In molecular biology, DCTN6 is that subunit of the dynactin protein complex that is encoded by the p27 gene. Dynactin is the essential component for microtubule-based cytoplasmic dynein motor activity in intracellular transport of a variety of cargoes and organelles.

Identification and structure
DCTN6 was first identified and cloned as a subunit of the "pointed-end complex" of dynactin through biochemical purification.
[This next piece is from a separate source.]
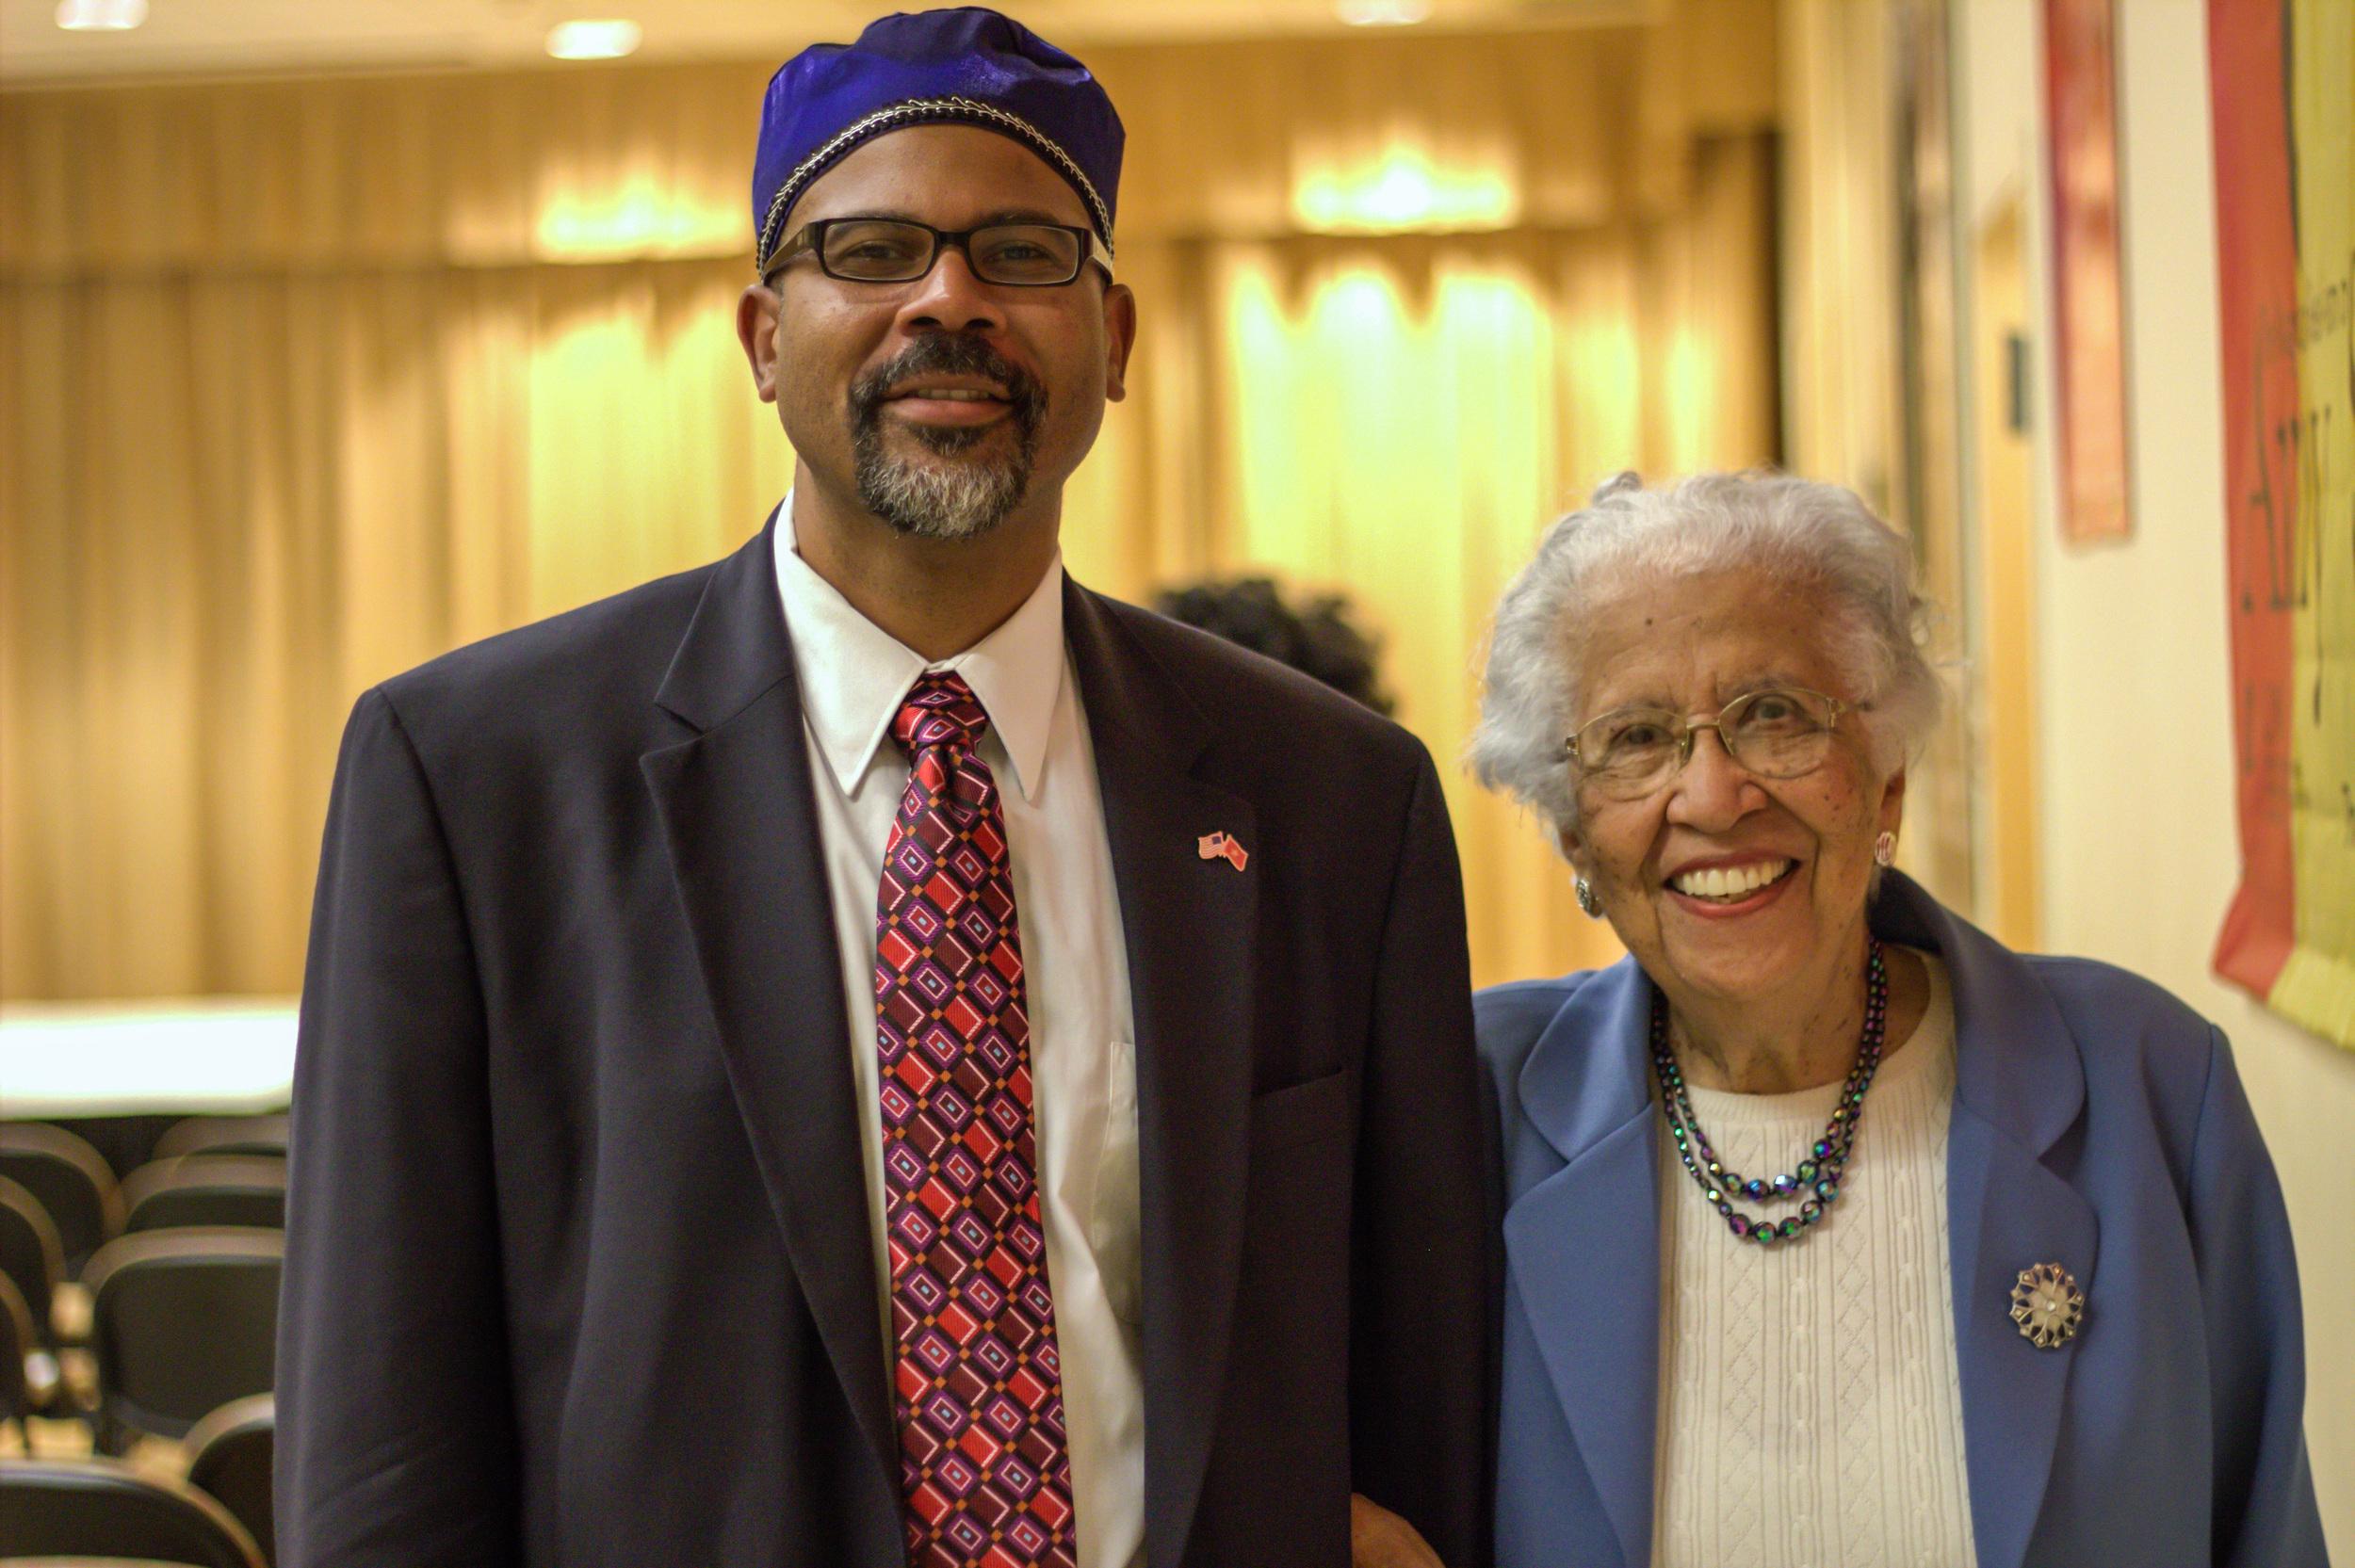 Hortense McClinton with son of Dr. Sonja Haynes Stone

X-ray crystal structure revealed that dynactin p27 forms an unusual left handed β-helix (LβH) domain, and its phosphorylation site T186 is in C-terminal disordered segment.

Function

In intracellular transport
Dynactin p27 forms a hetero-dimer with the other dynactin pointed-end complex subunit p25/DCTN5 in 1:1 ratio, and it is essential for p25 stability since they are co-knockdown by p27 RNAi. However, both p27 and p25 are not required for 19S dynactin complex integrity verified by velocity sedimentation. p27/DCTN6 and other dynactin pointed-end complex subunits (Arp11/Actr10, p62/DCTN4, and p25/DCTN5) have been suggested to be involved in dynactin binding to specific intracellular cargoes. Co-depletion of dynactin p27 and p25 by p27 RNAi affects dynactin binding to endomembrane, and early and recycling endosome movements are impaired, suggesting that p27/p25 form a selective endomembrane cargo-targeting module.

In mitosis
In mitosis, unlike dynactin or dynein perturbation that causes mitotic spindle disarrangement and mitotic arrest, dynactin p27/p25 depletion does not affect mitotic spindle formation, pole focusing or dynein/dynactin targeting to kinetochores. However, dynactin p27/p25 are required for normal chromosome alignment, kinetochore-microtubule interaction, and proper timing of anaphase onset. Dynactin p27 C-terminal T186 residue is phosphorylated by cyclin-dependent kinase 1 (Cdk1) in mitosis and helps target polo-like kinase 1 (Plk1) to kinetochores during prometaphase. This activity facilitates phosphorylation of important downstream kinetochore targets (such as tension-sensing 3F3/2 phospho-epitope) of Plk1, which is important for recruitment of spindle assembly checkpoint proteins such as Mad1 and proper kinetochore-microtubule attachment.